Tips To Ensure Toys Are Hazard Free
As children make their Christmas lists full of wishes for toys and parents plan for which toys they will purchase, the medical staff at East Tennessee Children's Hospital suggests several ideas for safety in toys this holiday season.
Checking toys for hazards
Each year, some 5,000 new toys enter the market place. The holiday season finds more than 150,000 different kinds of toys for sale in approximately one million stores. Despite the efforts that manufacturers, retailers, safety inspectors and others make, it is impossible to examine every toy. However, it is possible for parents, relatives and other adults to check every new toy a child receives and every old toy around the house for possible hazards.
The following suggestions may help you in purchasing and giving toys to the infants, children and teenagers on your holiday gift list this year:
Choose carefully. Look for good design and quality construction in all toys you buy.
Watch out for toys that have sharp edges, small parts, or sharp points.
Beware of loose string, rope, ribbons, or cord on toys. These items can easily become tangled around a child's neck and strangle them.
Buy toys that suit the child's age, interest and abilities. Many toys have a suggested age range to help you choose toys that are appealing as well as safe.

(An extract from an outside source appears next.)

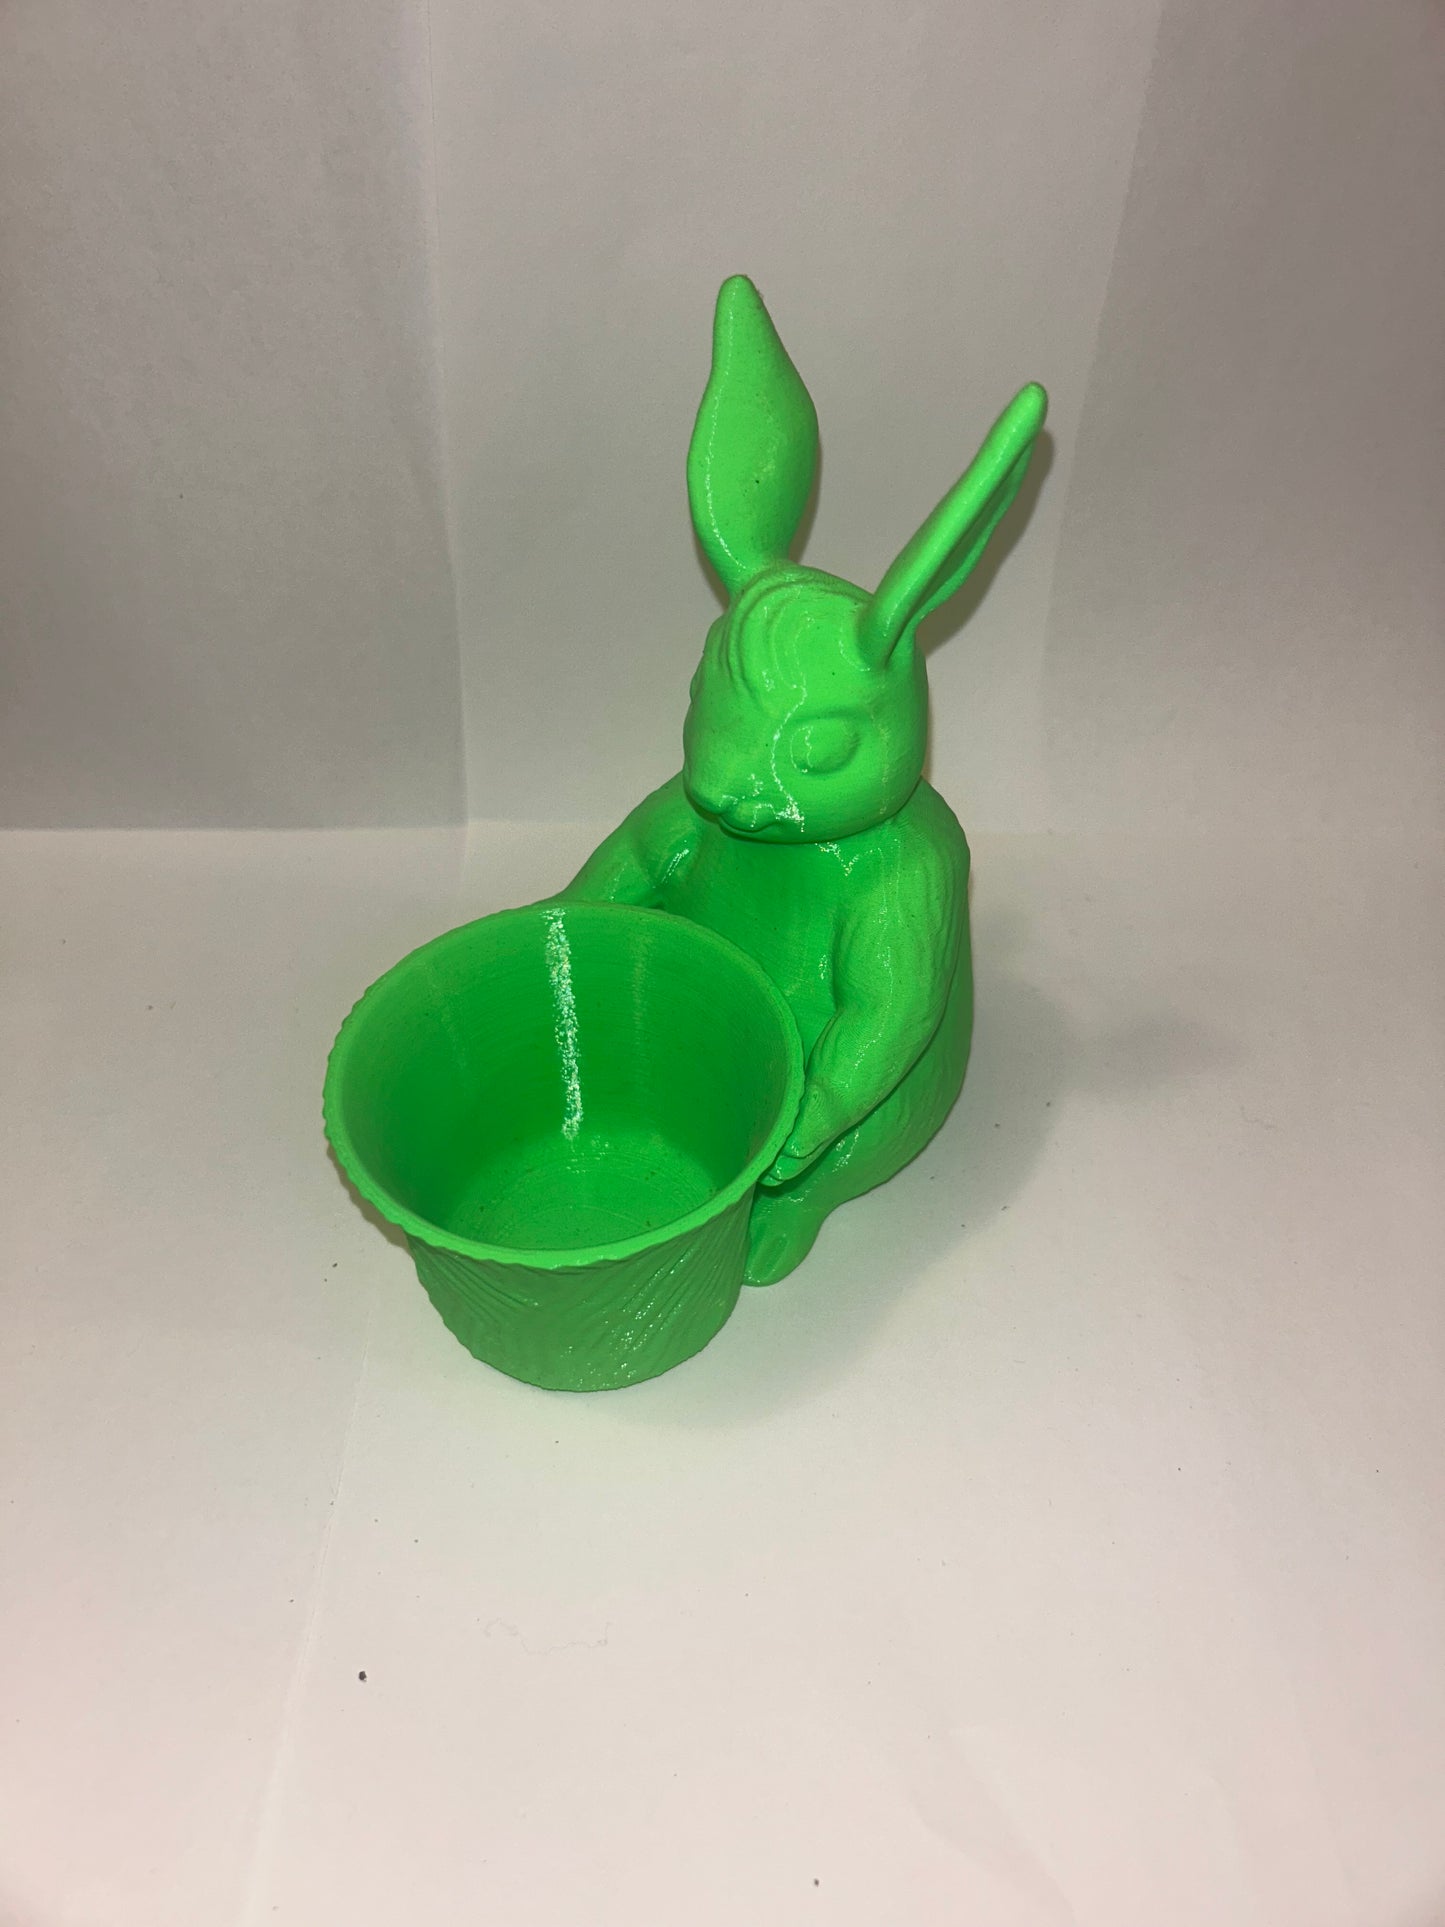 Bunny Rabbit Holding Bowl

Injuries may be caused not only when children fall off riding toys, but also when they ride them where street traffic is present or near open water.

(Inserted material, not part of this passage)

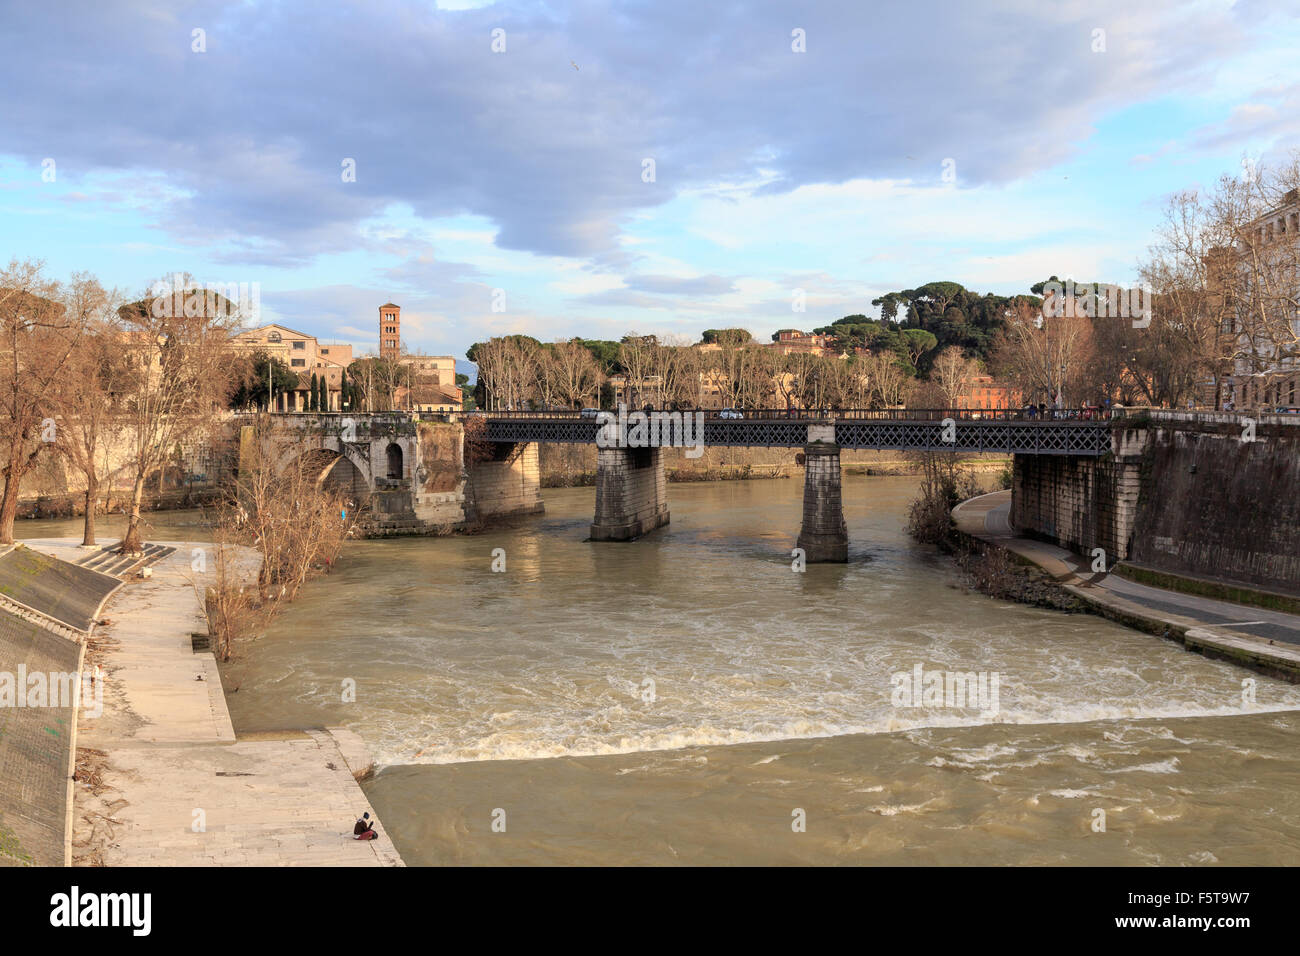 Paesaggio urbano storico lungo il Tevere a Roma, Italia. Foto Stock

Help children when using toy chests and other storage containers. Toy chests can pinch, bruise, or break tiny fingers and hands if a lid closes suddenly. Open containers without lids are safest for toy storage.
Be a label reader. Look for safety information such as "Not recommended for children under 3 years of age," or "non-toxic" on toys likely to end up in children's mouths, or "washable/hygienic materials" on stuffed toys and dolls.
Check with parents before buying toys that require close supervision -- such as electrically operated toys, shooting toys and games, chemistry sets and the like. Remember, too, that younger children may have access to toys intended for older children once the toy has been brought into the home.
Look for the UL (Underwriters Laboratories) seal on electrical toys. It indicates the electrical parts have been tested for safety.
There are also seven dangers of toys that each parent or guardian should be aware of: sharp edges, small parts, loud noises, sharp points, propelled objects, electric toys and the wrong toy for the wrong age. It is also important to teach your child how to play with certain toys.
"All parents want to buy safe and fun toys for their children during the holidays," says Dr Lise Christensen, Children's Hospital Emergency Medical Physician. "Reading labels, picking age appropriate gifts and parental supervision may keep children playing with their new toys at home instead of being harmed and needing to be brought to the emergency room."